1988 film by Flora Gomes

Mortu Nega (English: Death Denied or Those Whom Death Refused) is a 1988 historic film by Flora Gomes, a director from Guinea-Bissau. Mortu Nega was Gomes' first feature-length film and the first film produced in independent Guinea-Bissau. It was also the first ethnofiction film to show the experiences of the Guinea-Bissau War of Independence, blending contemporary history with mythology. Its world premiere was at the Venice Film Festival on August 29, 1988.

==Synopsis==
1973: Diminga accompanies a group of camouflaged soldiers who travel down a path, in the middle of the shrubland, carrying supplies to a war front near Conakry, where Diminga's husband Sako is fighting. The country is ruined and there is death everywhere, but hope is what keeps life worth living. In the encampment where she meets Sako, Diminga does not have much time to enjoy his company. The rebels are gaining ground and they are certain that they will command victory.

1974–77: The end of the war, but not truly an end. There is a great drought across the country and life continues to be difficult. It is true that where Diminga lives, in between the crying, there are great celebrations for the end of the war.
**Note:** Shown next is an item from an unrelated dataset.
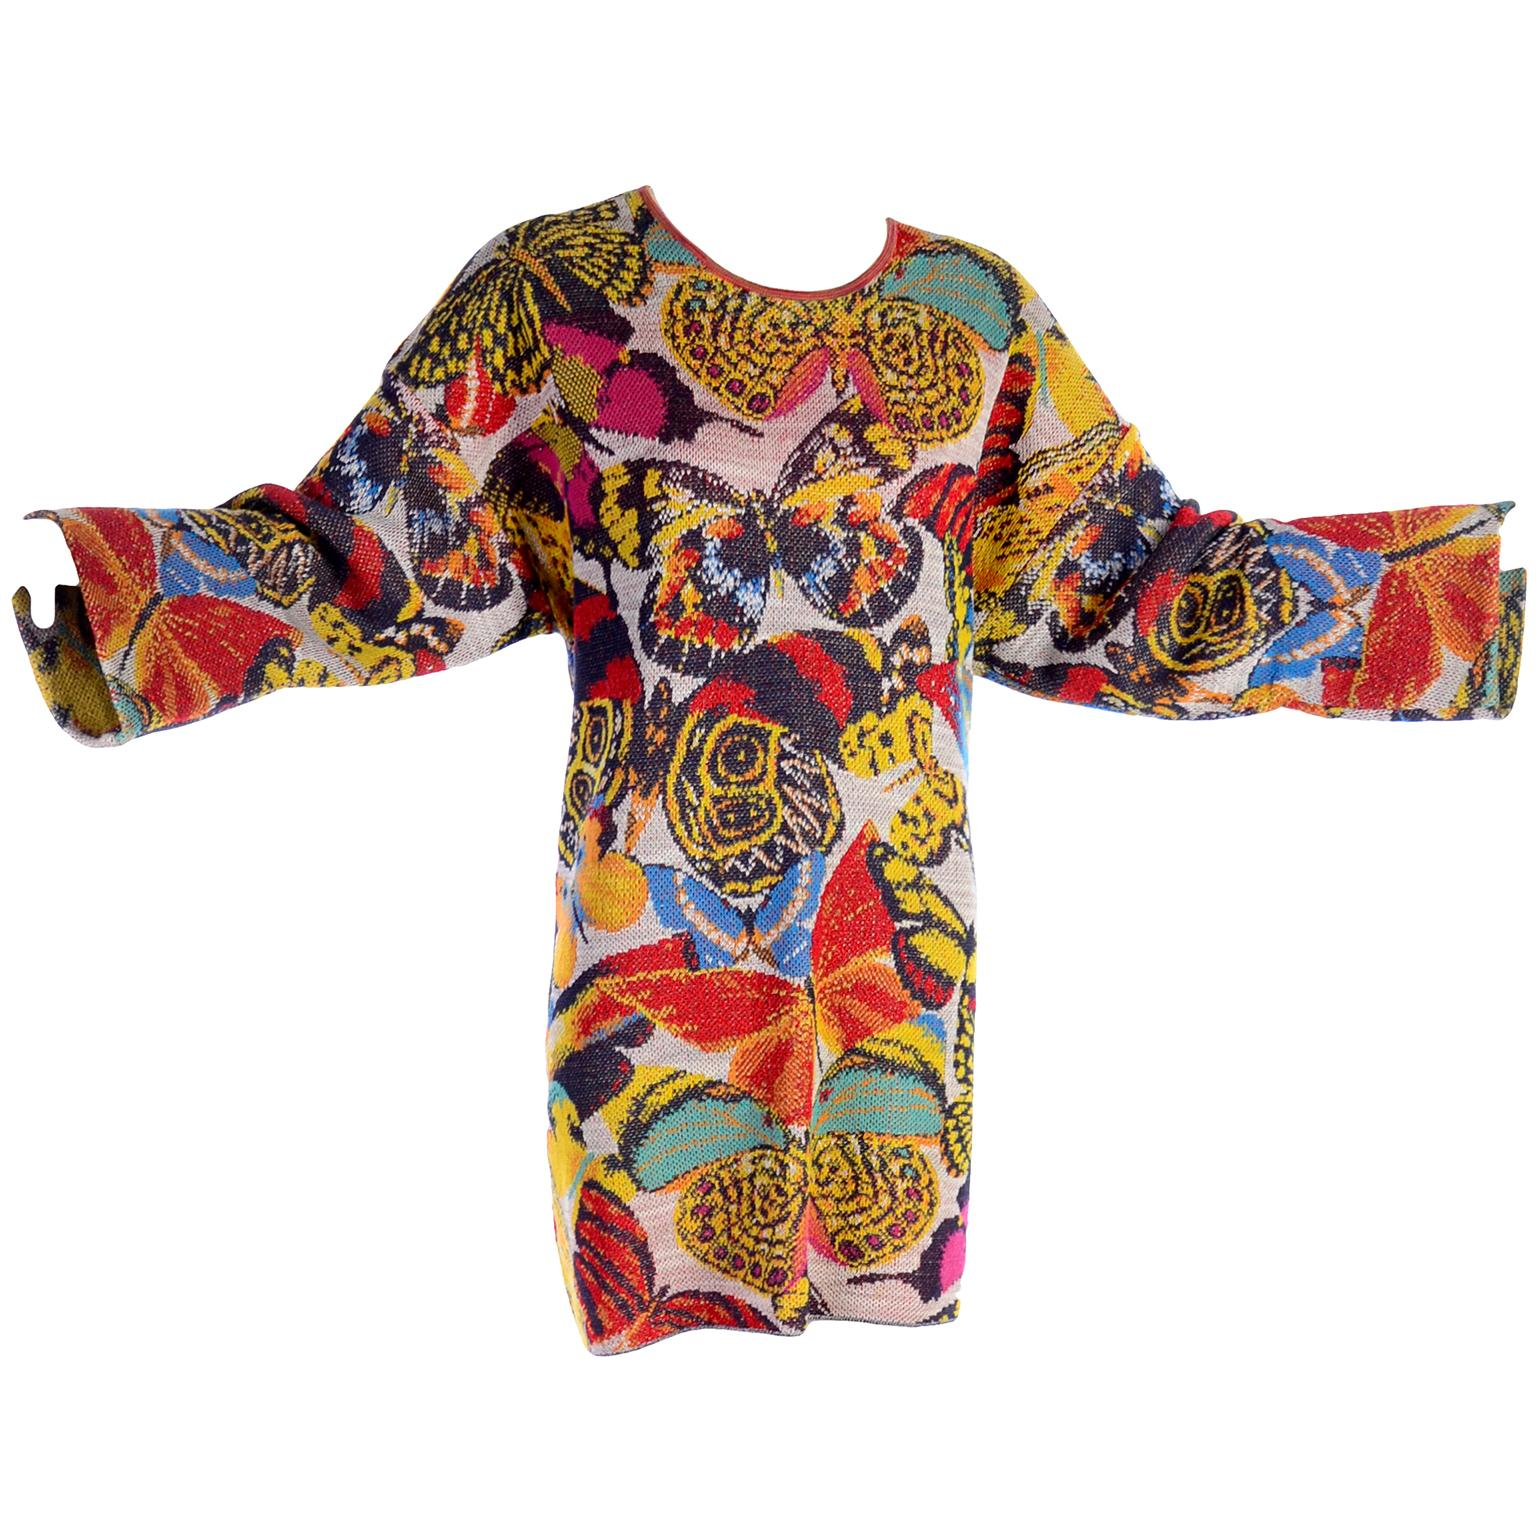 755e344338 Dressing Vintage Sweaters - 1stdibs

But the drought continues, Diminga has a sick husband and other fighting (mostly over rations) starts.

The film, in the words of its director, is an African parable. The colonies won their independence and eliminated Portuguese colonialism. A question that arises is about Africa's future. As Flora Gomes suggests, Africa cannot be itself without its beliefs, its myths, its philosophy, and its culture.

==Interpretation==
The year the film premiered, 1988 "not only marks the 25th anniversary of the independence of Guinea-Bissau and the assassination of its leader Amílcar Cabral, it is also the year in which the country was practically annihilated by a brutal civil war” (Teresa Ribeiro, a journalist for Voice of America). The film is an “elegy, not for the victims of the war of liberation, but for its survivors."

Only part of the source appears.